Foundations in Maths for Data Science
Code | School | Level | Credits | Semesters |
DATA1002 | Computer Science | 1 | N/A | Autumn UK |
- Code
- DATA1002
- School
- Computer Science
- Level
- 1
- Credits
- N/A
- Semesters
- Autumn UK
Summary
This course provides a basic course in algebra and calculus required for data science. It introduces key elements of definition, manipulation, graphical representation of functions, as well as quadratic equations, simultaneous linear equations, differentiation and integration.
Target Students
Level 6 Data Scientist apprenticeship students only.
Classes
27 hours of weekly distance learning mathematical exercises with supporting video material and drop-in remote support sessions. Two x 6-hour block release days.
Assessment
- 100% Assessment: Completion of teaching block
Assessed by end of designated period
Educational Aims
To provide a foundation of mathematical skills to equip apprentices with both confidence and competence in a range of fundamental elementary mathematical techniques and basis for advanced mathematical methods used in the study and analysis of data science problems.Learning Outcomes
- Demonstrate algebraic facility with algebraic topics including linear, quadratic, exponential, logarithmic and trigonometric functions.
- Produce and interpret graphs of basic functions of these types.
- Compute derivatives and definite and indefinite integrals of basic functions of these types.
- Understand and be able to apply the basics of vector algebra.
KSBs
K3. How data can be used systematically, through an awareness of key platforms for data and analysis in an organisation, including:
- Data processing and storage, including on-premise and cloud technologies.
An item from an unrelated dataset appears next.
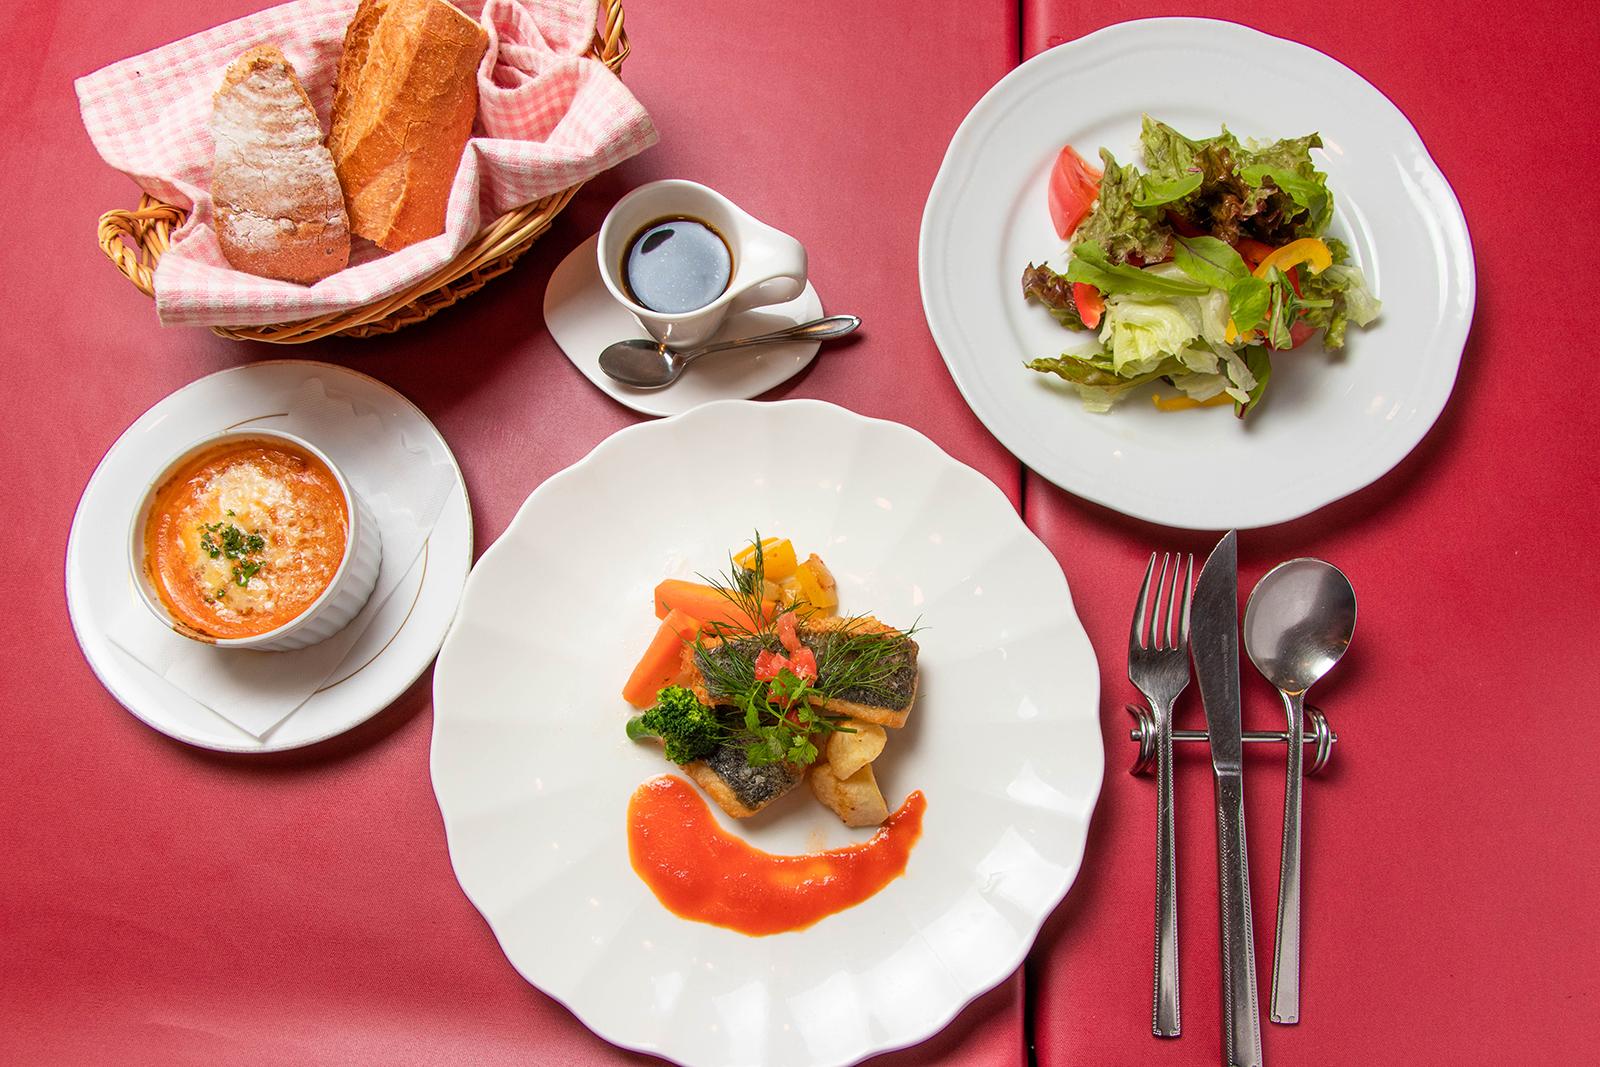 ランチ《白身魚のソテー トマトソース》¥1,840【税込】

- Database systems including relational, data warehousing & online analytical processing "NoSQL" and real-time approaches, the pros and cons of each approach.
- Data-driven decision making and the good use of evidence and analytics in making choices and decisions.
K4. How to design, implement and optimise analytical algorithms - as prototypes and at production - using:
- Statistical and mathematical models and methods.
- Advanced and predictive analytics, machine learning and artificial intelligence techniques, simulations, optimisation, and automation.
- Applications such as computer vision and Natural Language Processing.
- An awareness of the computing and organisational resource constraints and trade-offs involved in selecting models, algorithms and tools.
S1. Identify and clarify problems an organisation faces, and reformulate them into Data Science problems. Devise solutions and make decisions in context by seeking feedback from stakeholders. Apply scientific methods through experiment design, measurement, hypothesis testing and delivery of results. Collaborate with colleagues to gather requirements.
S2. Perform data engineering: create and handle datasets for analysis. Use tools and techniques to source, access, explore, prole, pipeline, combine, transform and store data, and apply governance (quality control, security, privacy) to data.
S3. Identify and use an appropriate range of programming languages and tools for data manipulation, analysis, visualisation, and system integration. Select appropriate data structures and algorithms for the problem. Develop reproducible analysis and robust code, working in accordance with software development standards, including security, accessibility, code quality and version control.
S4. Use analysis and models to inform and improve organisational outcomes, building models and validating results with statistical testing: perform statistical analysis, correlation vs causation, feature selection and engineering, machine learning, optimisation, and simulations, using the appropriate techniques for the problem.
S5. Implement data solutions, using relevant software engineering architectures and design patterns. Evaluate Cloud vs. on-premise deployment. Determine the implicit and explicit value of data. Assess value for money and Return on Investment. Scale a system up/out. Evaluate emerging trends and new approaches. Compare the pros and cons of software applications and techniques.
B5. An impartial, scientific, hypothesis-driven approach to work, rigorous data analysis methods, and integrity in presenting data and conclusions in a truthful and appropriate manner.